A technical change has just been proposed that would affect the US social security network. We are talking about a reform proposal that, according to projections, could result in the rejection of disability assistance for more than 750,000 Americans over the next 10 years. Some critics do not hesitate to call it the biggest cut to disability insurance in the nation’s history.
At the heart of the controversy is one of the requirements that has been crucial for decades in determining whether a person is eligible for disability: the applicant’s age. Before going into detail, let’s first look at how the benefits system currently works.
What is Social Security Disability?
In the United States, disability benefits are divided into two programs: the first is Social Security Disability Insurance (SSDI). This is an earned insurance benefit, and it works exactly like a life or auto insurance policy. To qualify for this insurance, beneficiaries must have worked and paid payroll taxes to Social Security for a sufficient number of years.
On the other hand, there is Supplemental Security Income (SSI). This is a welfare program for blind, disabled, and elderly people over 65 with very little income and financial resources. Although the reform could affect both, the proposed change focuses on the disability eligibility rules that govern SSDI.
To determine whether a person is truly disabled, the Social Security Administration uses a five-step process. Most applicants are rejected or approved in the first four steps, but the real battleground is in the last step. This is where the SSA asks the following question: Can the applicant adjust to another type of work in the national economy?
The SSA and the Grid Rules
To respond to this approach, the SSA uses what are known as “Grid Rules.” These are vocational factors that combine four elements to arrive at a solution: your residual functional capacity (i.e., your physical limitations), your level of education, your past work experience, and, of course, your age.
The issue lies in recognizing the current reality of the labor market. Essentially, a 35-year-old man who has lost his job due to a back injury is not the same as a 56-year-old man with the same injury. According to the S.C.A., a person under the age of 50 is sufficiently adaptable and young enough to change careers, retrain, and find a new job. However, for a person over the age of 50, age discrimination (however covert and disguised it may be) works against them.
This is why the SSA assumes that age becomes a significant barrier. It classifies the population aged 55 to 59 as “advanced age.” It recognizes that at this age, it is extremely difficult for a person with limited education and no transferable skills to compete in the labor market.

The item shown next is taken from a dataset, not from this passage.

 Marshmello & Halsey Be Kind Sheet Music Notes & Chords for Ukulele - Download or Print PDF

A clear example is a 56-year-old construction worker with severe arthritis and only a high school diploma. Although technically he can only lift 5 pounds (which qualifies him for “Sedentary Work”), the Mesh Rules conclude that no employers will hire him for a new office job. In such cases, the combination of age, education, and previous work makes it possible for him to be classified as “Disabled.”

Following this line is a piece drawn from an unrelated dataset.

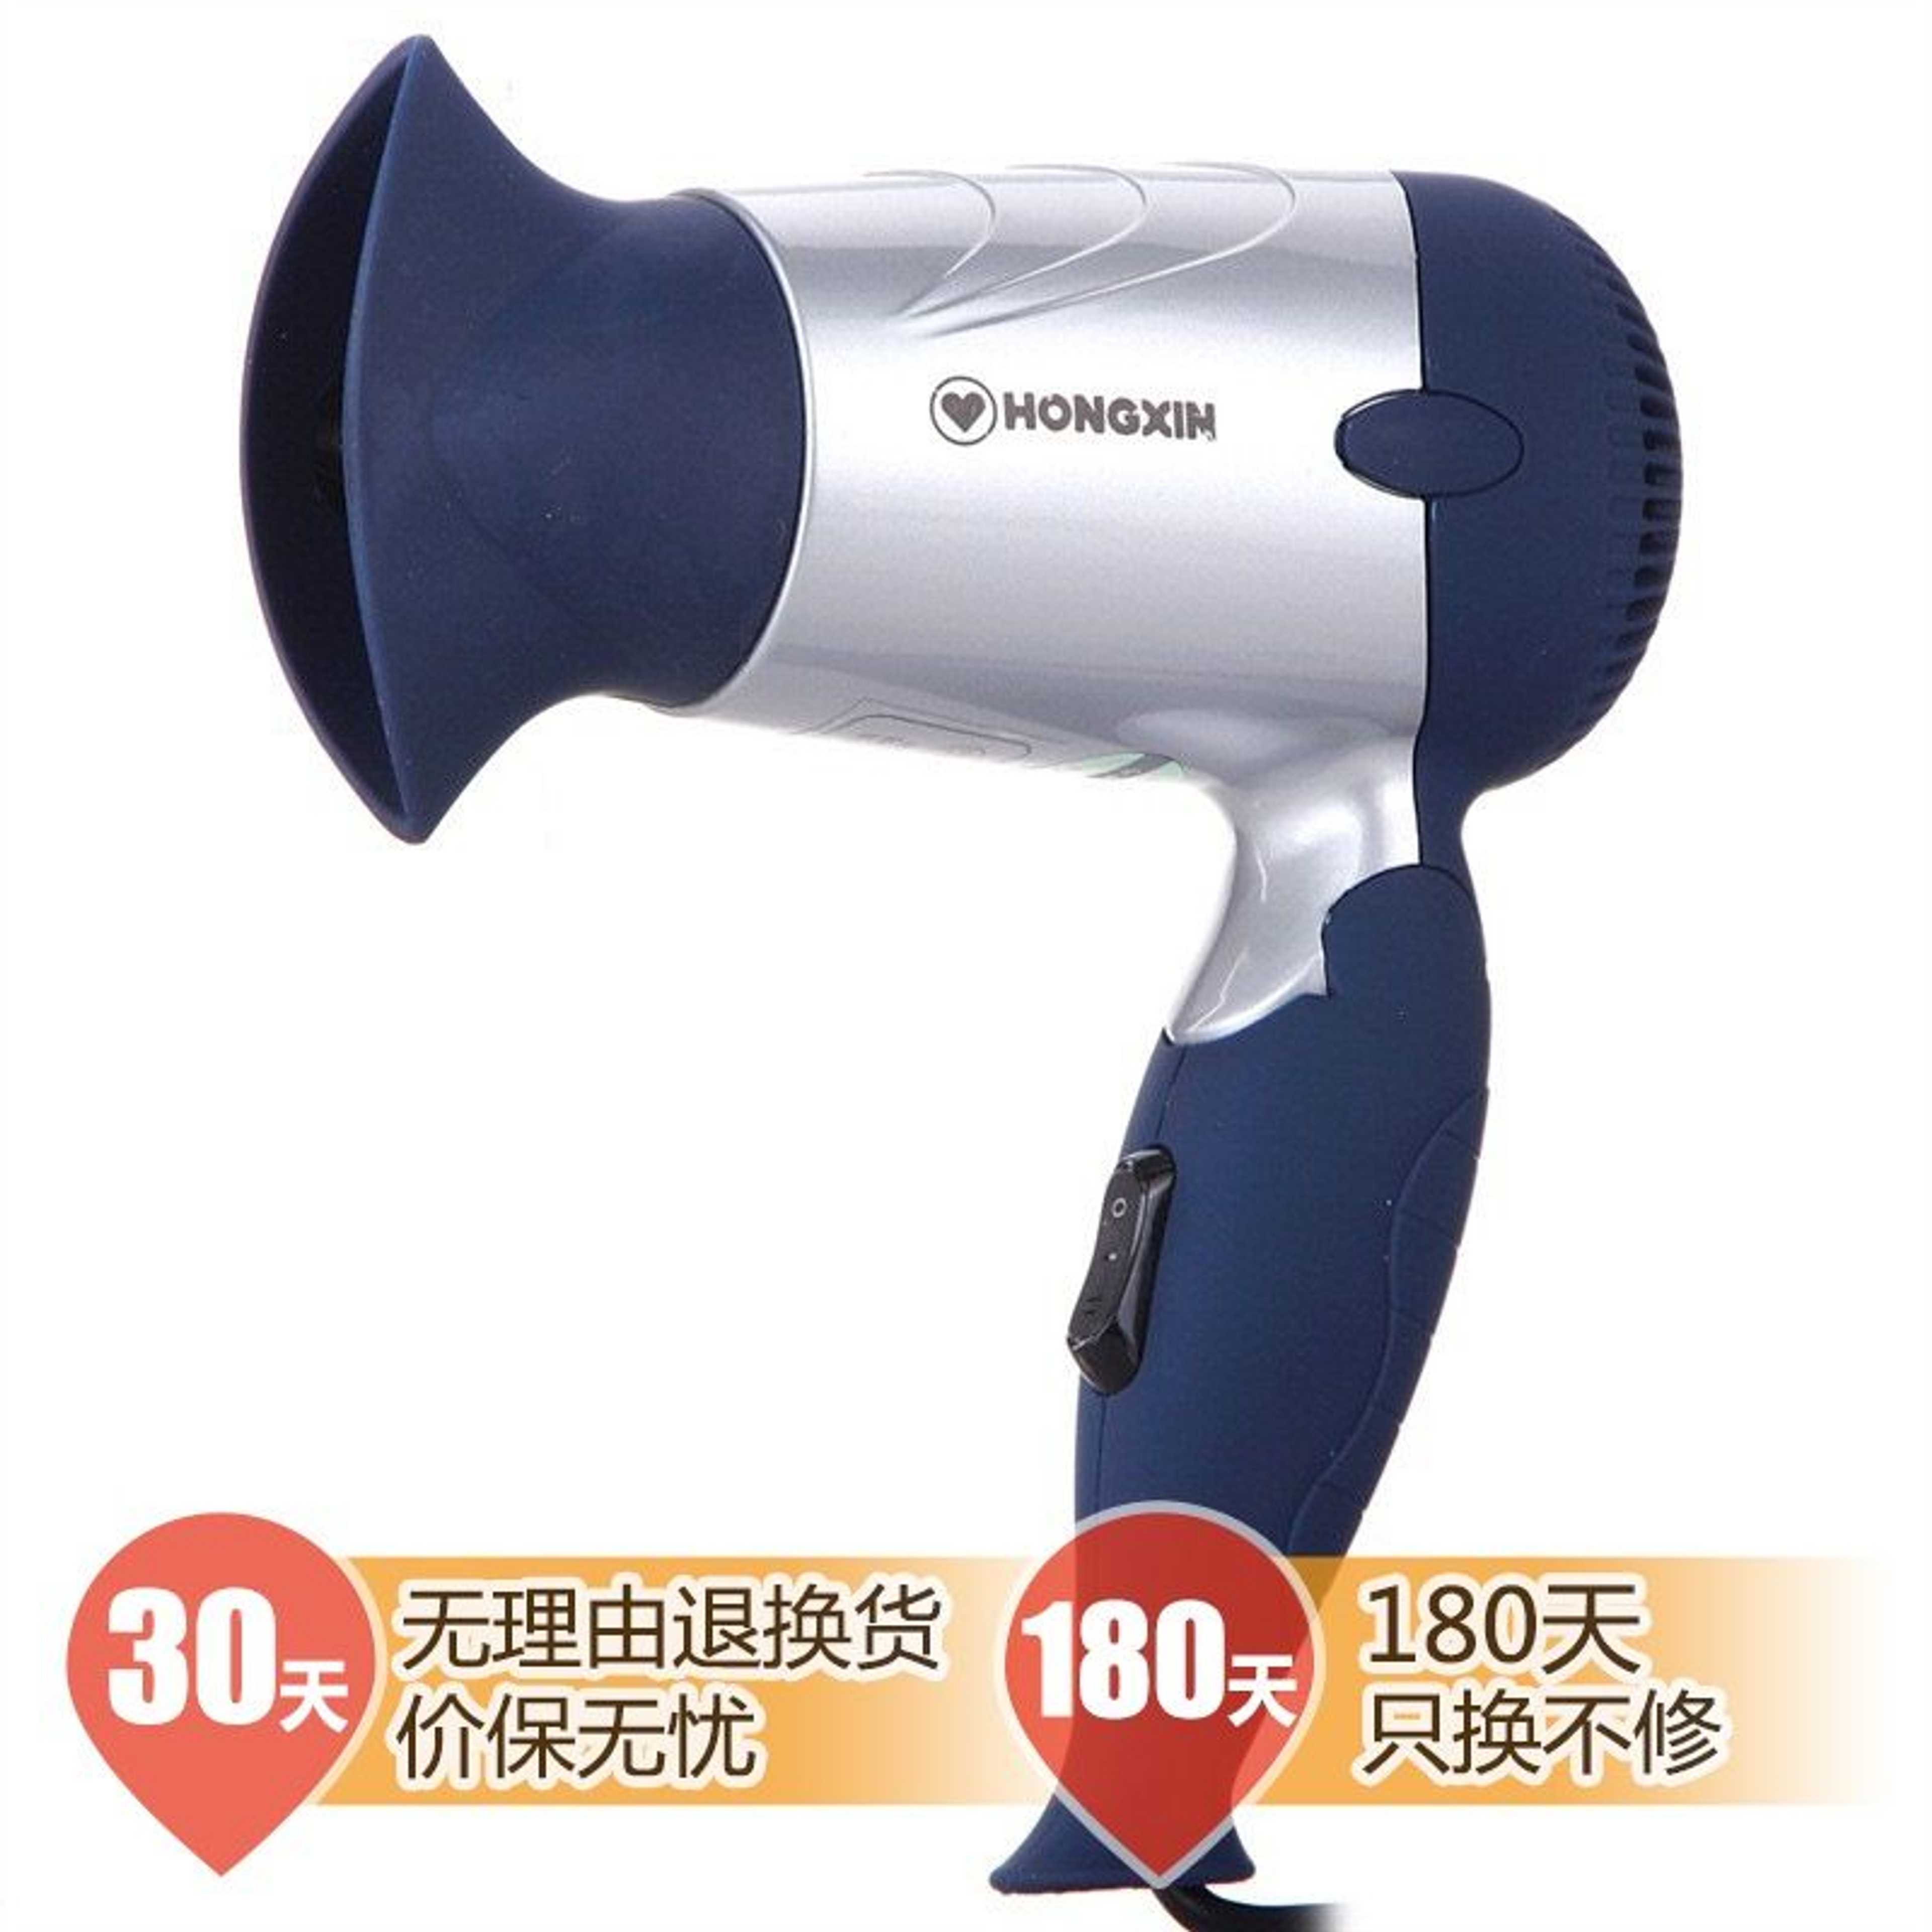 Hongxin RH7188 mini portable hair foldable orignal dryer for woman man girl boy best in lowest price Professional Hair foldable orignal dryer & Air Blower for Men's & women's

The Administration’s Proposal
Trump’s proposal advocates for a modernization of the system, given that the current rules are completely archaic. The S.C.A. lists still include jobs from the 1970s (such as “nut sorter” or “telephone quotation clerk”). In today’s predominantly service-based economy, there are many sedentary and remote jobs that older workers would be able to adapt to.
The plan is to raise the age threshold from 55 to 60. If this change takes effect, the 56-year-old worker in the example would no longer be considered “advanced age.” He would be seen as someone with the ability to adapt. The SSA would rule that, although he cannot be a construction worker, he could be hired as, for example, a security camera monitor. Although it is still a proposed reform, the modernization of the SSA’s standards would have an impact on the economy and the labor market.